I mean... yeah. In the meantime you haven't taken anything from that person; they are performing on a public street. On the contrary, similar to a packed restaurant, your presence might signal to others that there is something worth experiencing where you and your friends are crowded. This could in turn benefit the person you're crowded around by bringing more wallets within earshot. So you haven't actually given nothing, you've given your attention, and you've advertised for that person as if you were wearing a giant chicken suit spinning a sign and shouting, "Hey everyone, check out this person! Their music is good enough to attract a crowd!"

The fact that your friends in this scenario would weirdly shower you with expensive gifts after inviting them to watch a street musician perform doesn't negate the free advertising you've provided.


Yes, the performer would benefit from that attention.
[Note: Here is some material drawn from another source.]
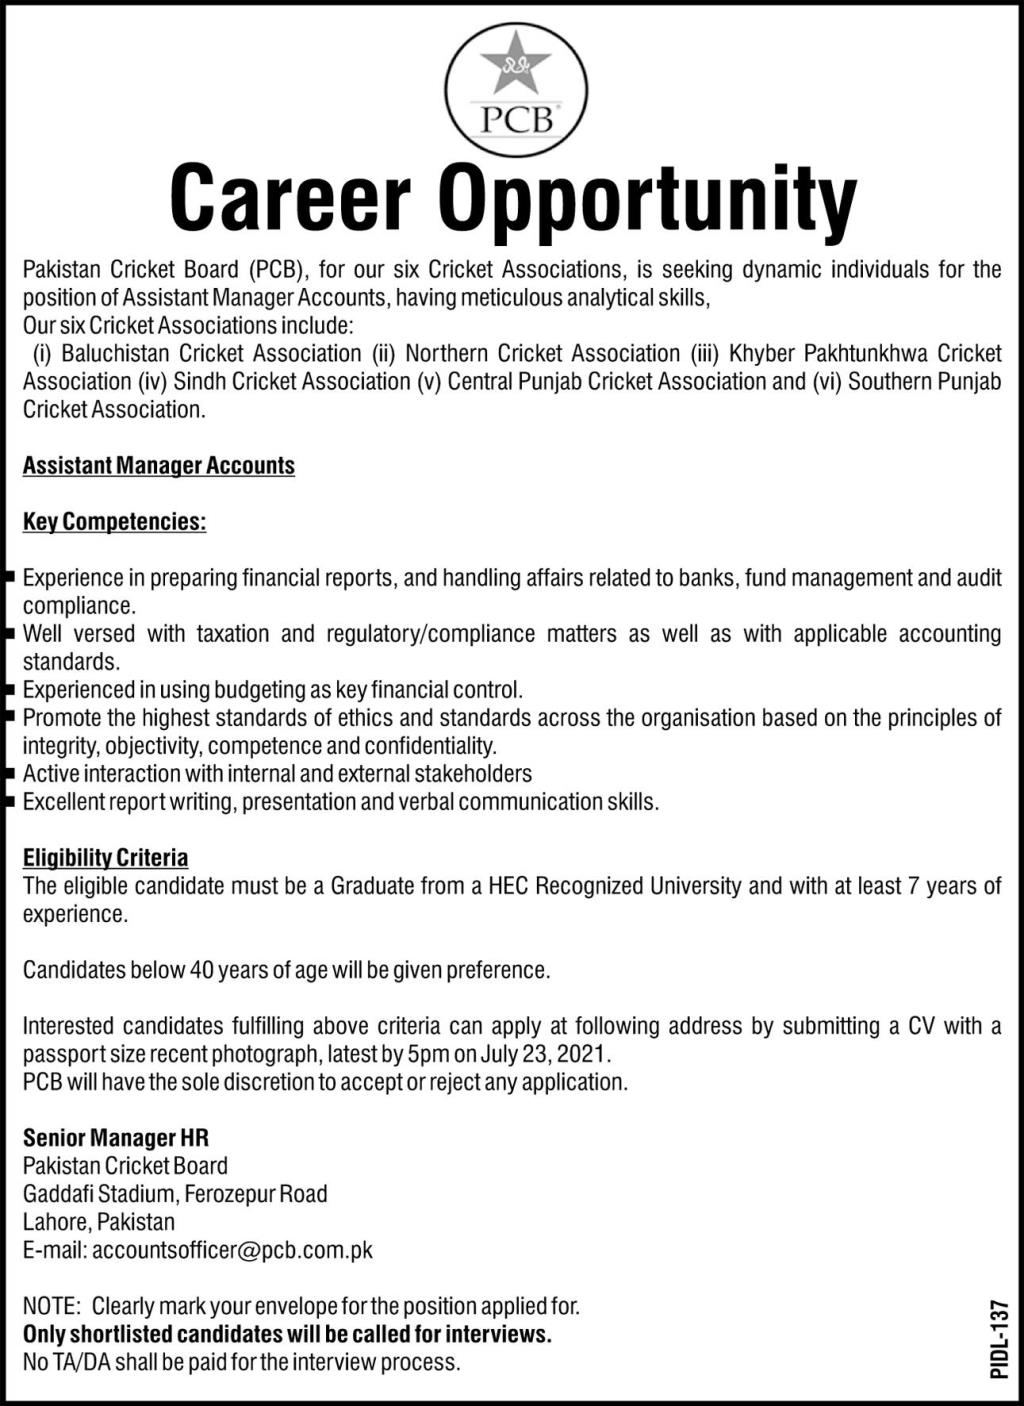 Pcb jobs

Maybe some of the people your presence brings around will tip them, etc.

The difference is that the existence of the performer is super obvious while in this case author and their work is hidden so author will not benefit in the same way.


> The difference is

Sure, that does differentiate the two scenarios. I was responding specifically to the first scenario.

I have an arguably bad habit of responding only to specific points that people make in their arguments, while ignoring the rest of their argument until they address the unresolved point. In this case, someone tried to make a point about standing around street performers. I had something to say about it.


I see, I took it as objection to the bigger point, because many probably do the same if you want to avoid misunderstanding you can keep doing what you're doing just with a clarification that you have no strong opinion on the issue


The author is also hidden from anyone who would be authorizing payment. The only person involved who might know the author is the guy making the game, and they likely used what leverage they had on their own contract.


based on what I know about other engineers it's almost certain that no one used any leverage whatsoever and the only reason they even checked the license is because legal forced them


Not sure what analogy you are trying for here but that ain't it. Publishing an open source project is not the same as street performance.